If we scale rent by size to compute "rent per square foot," we create a new metric. If we then try to predict rent per square foot by rent, we might see that this transformation creates or exaggerates heteroscedasticity. To be clear, in general, I acknowledge this is not a good idea - to divide the independent variable by the dependent variable - because we are creating a situation where y is already influenced by x and we are therefore creating a spurious correlation. So, I recognize that this creates conceptual and statistical challenges. But (bear with me) I'm using this as an example to try to illustrate the point:

unequal_variance_df$rent_per_sqft <- unequal_variance_df$rent / unequal_variance_df$size

ggplot(unequal_variance_df, aes(x = size, y = rent_per_sqft)) +
	geom_point(color = '#203147', alpha = 0.7) +
	geom_smooth(method = "lm", color = '#01ef63', se = FALSE) +
	labs(title = "Size vs. Rent per Square Foot",
	     x = "Size (sq ft)",
	     y = "Rent per Sq Ft")

inverse fan heteroscedasticity

Heteroscedasticity induced as a result of functional dependency. Image by Author


We can see this graph has a funnel shape where the variability in rent per square foot decreases as the size increases. So, we've created heteroscedasticity out of nothing.
For another example, we can square both variables:

unequal_variance_df$size_squared <- unequal_variance_df$size^2

ggplot(unequal_variance_df, aes(x = size ^ 2, y = rent ^ 2)) +
	geom_point(color = '#203147', alpha = 0.7) +
	geom_smooth(method = "lm", color = '#01ef63', se = FALSE) +
	labs(title = "Size Squared vs. Rent Squared",
	     x = "Size Squared",
	     y = "Rent Squared")

heteroscedasticity as a result of squaring and amplifying differences

Heteroscedasticity induced as a result of squaring. Image by Author

Again, we've created heteroscedasticity where none existed before because we insisted on squaring both the x and y. In some contexts, this would be fine, but here I suspected that squaring both variables would create heteroscedasticity because I thought the transformation would amplify differences in variance as the values of the variables increased.
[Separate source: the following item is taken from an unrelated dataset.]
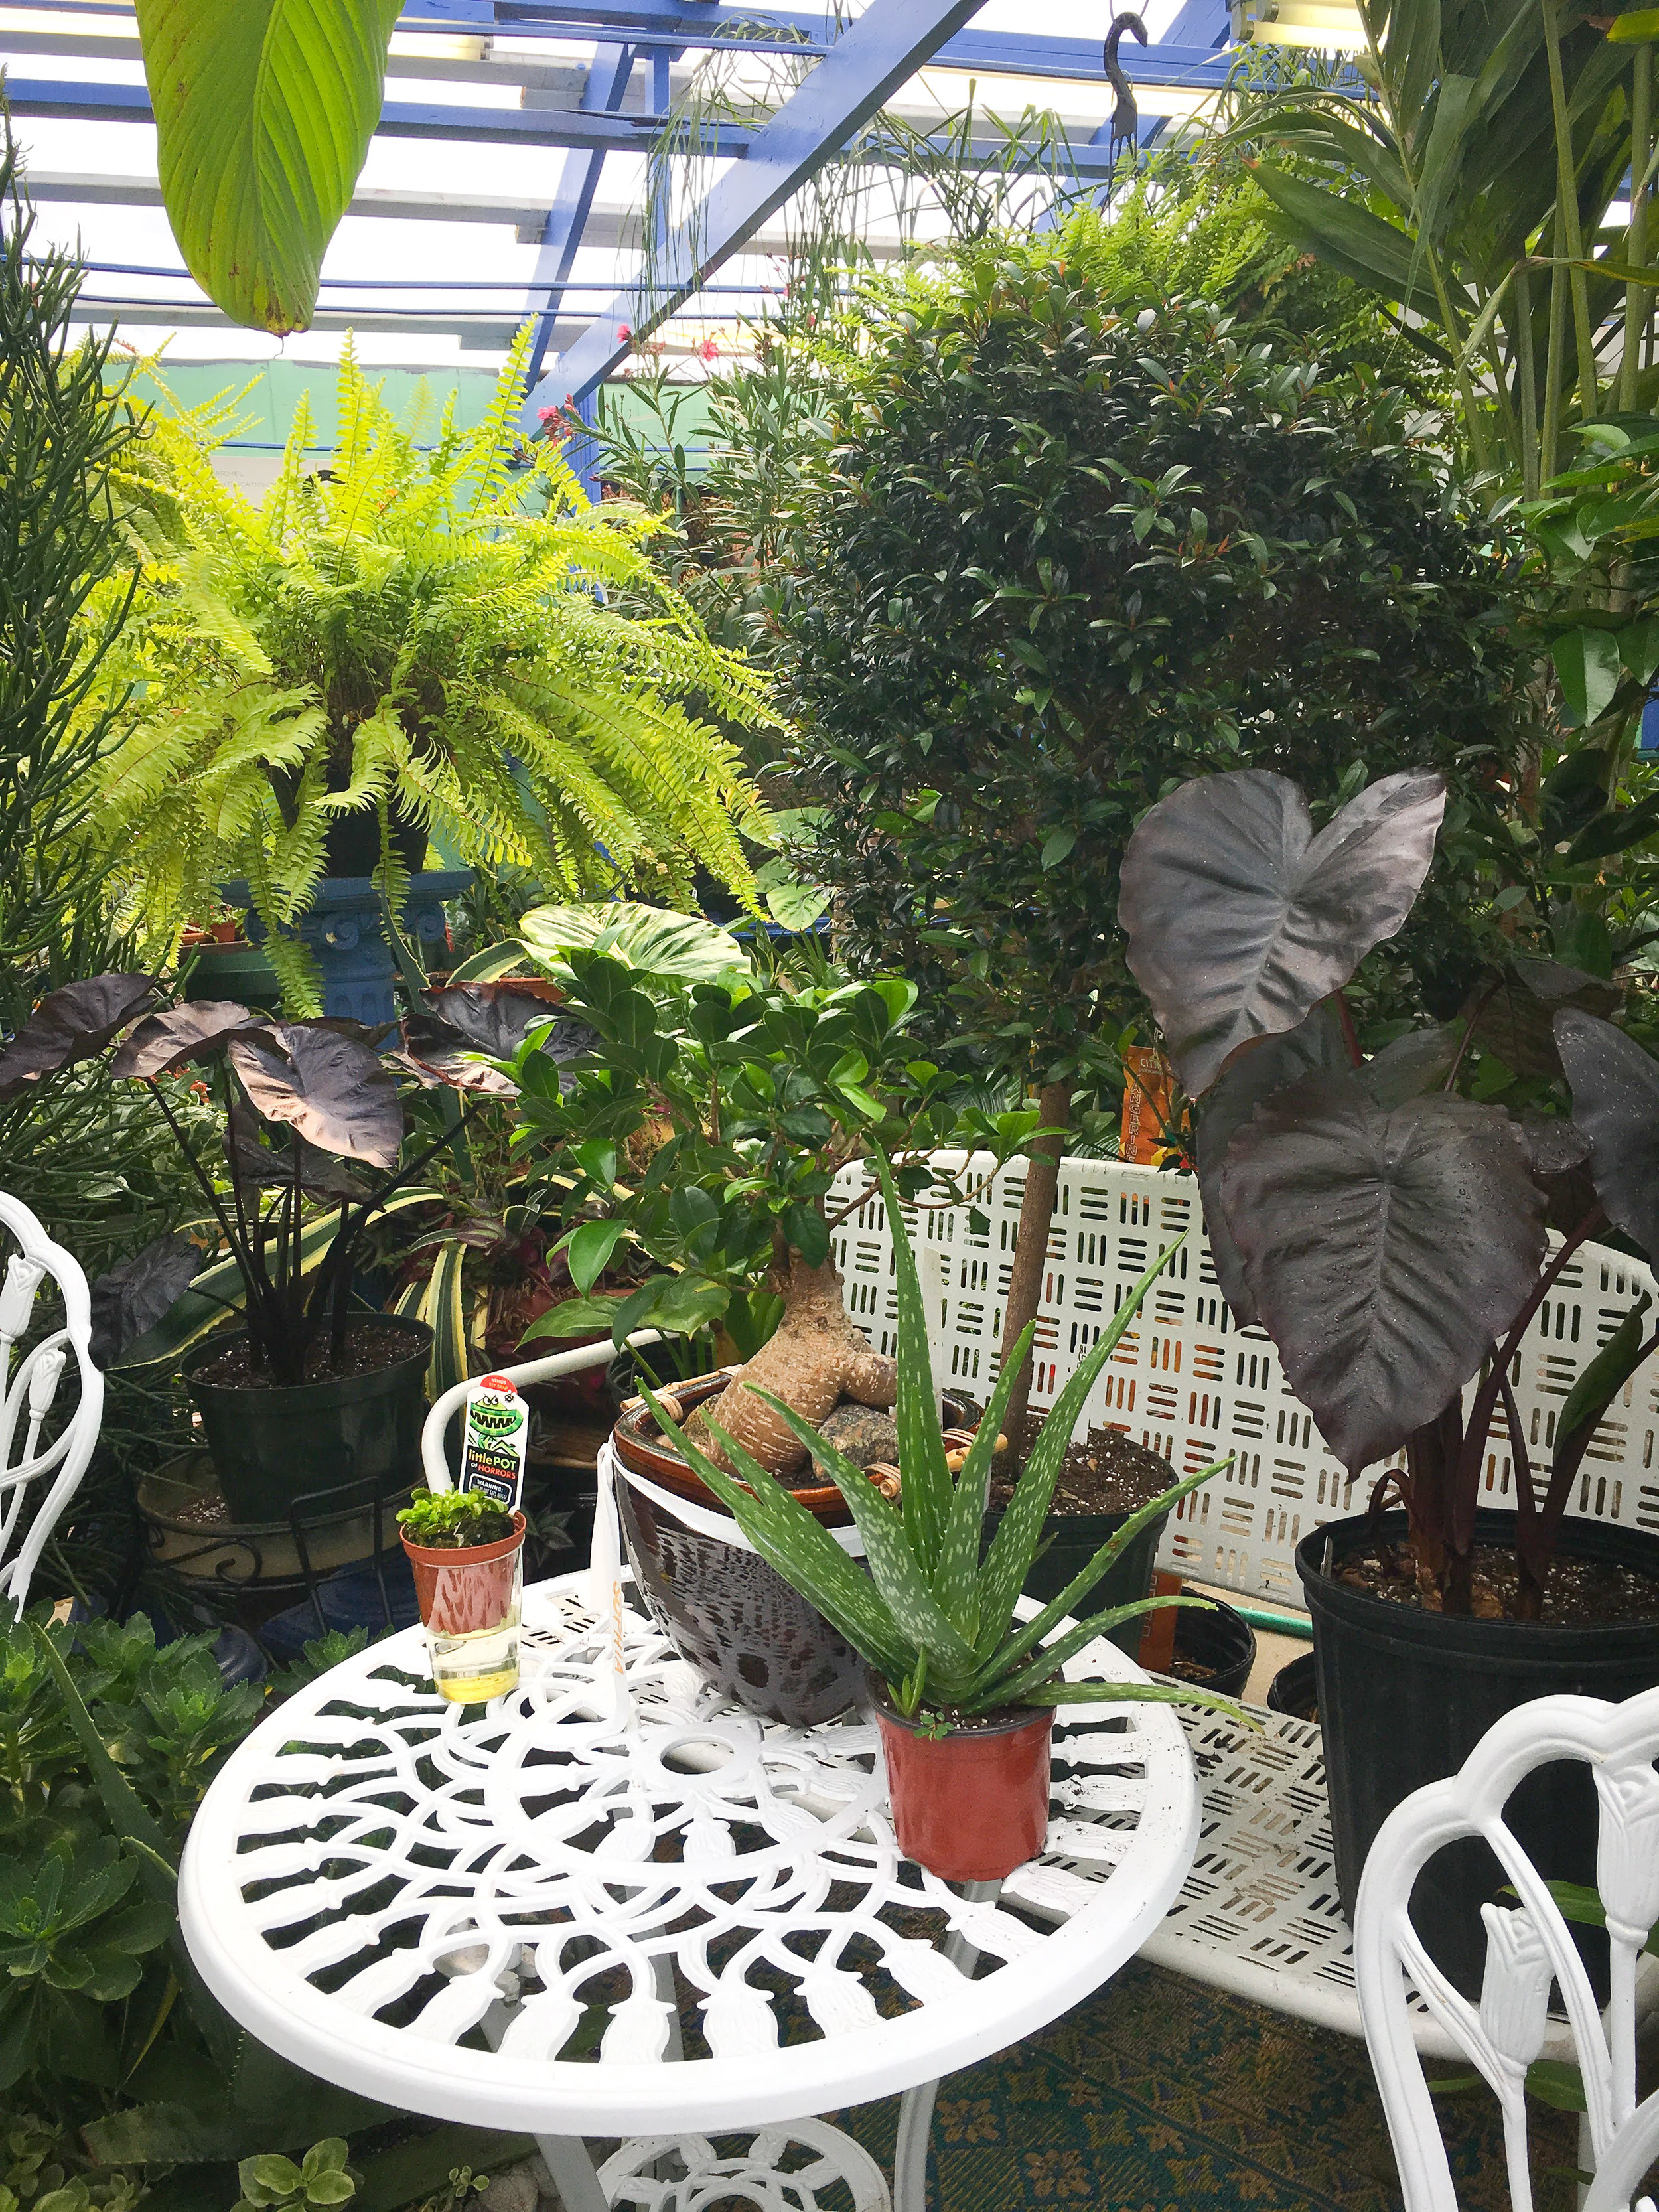 Succulents, Green House, Garden Center, Westchester Flower Shops, Indoor Plants, Outdoor Plants, NY Nurseries, Nursery, Landscaper, Florist, indoor Decoration, Outdoor Furniture.

This second example is also a bit contrived because we shouldn't make this model. We wouldn't make this model because it would be hard to interpret for no reason. But, in a real-world modeling workflow, transformations that inadvertently create heteroscedasticity can be more subtle. You might miss it if the process involves multiple steps.

More exactly, in this case, heteroscedasticity has resulted from feature engineering with ratios. Ratios like "rent per square foot" are indeed common in feature engineering. However, these variables can introduce heteroscedasticity if the denominator, in particular, varies significantly across observations. Logarithmic or exponential transformations are also frequently used to stabilize variance or linearize relationships. However, applying them inconsistently can backfire. Suppose you have a model where you log-transform income but fail to adjust related features like expenditures. This kind of mismatch is a common source of heteroscedasticity, so make sure everything aligns so you don't induce false dynamics.

Variability in data collection

Heteroscedasticity can also stem from inconsistent data collection practices. For example, switching up the measurement tool part way through a study could introduce heteroscedasticity. Having different size groups and, therefore, different sample sizes in a study can also create heteroscedasticity. Sticking with one approach matters.

Detecting Heteroscedasticity

Detecting heteroscedasticity is the first step toward addressing it, and fortunately, there are both visual and statistical tools to help.

Visual inspection techniques

Scatter plots can reveal patterns in your data that help uncover heteroscedasticity. I like the fitted values vs. residuals plot for this. As a note, a histogram of residuals or a residual q-q plot is not enough to detect heteroscedasticity because these two plots are really best used for testing normality.

y_funnel <- x + rnorm(length(x), mean = 0, sd = x * 0.5)

heteroscedasticity_data <- data.frame(x, y_funnel)

unequal_variance_model <- lm(y_funnel ~ x, heteroscedasticity_data)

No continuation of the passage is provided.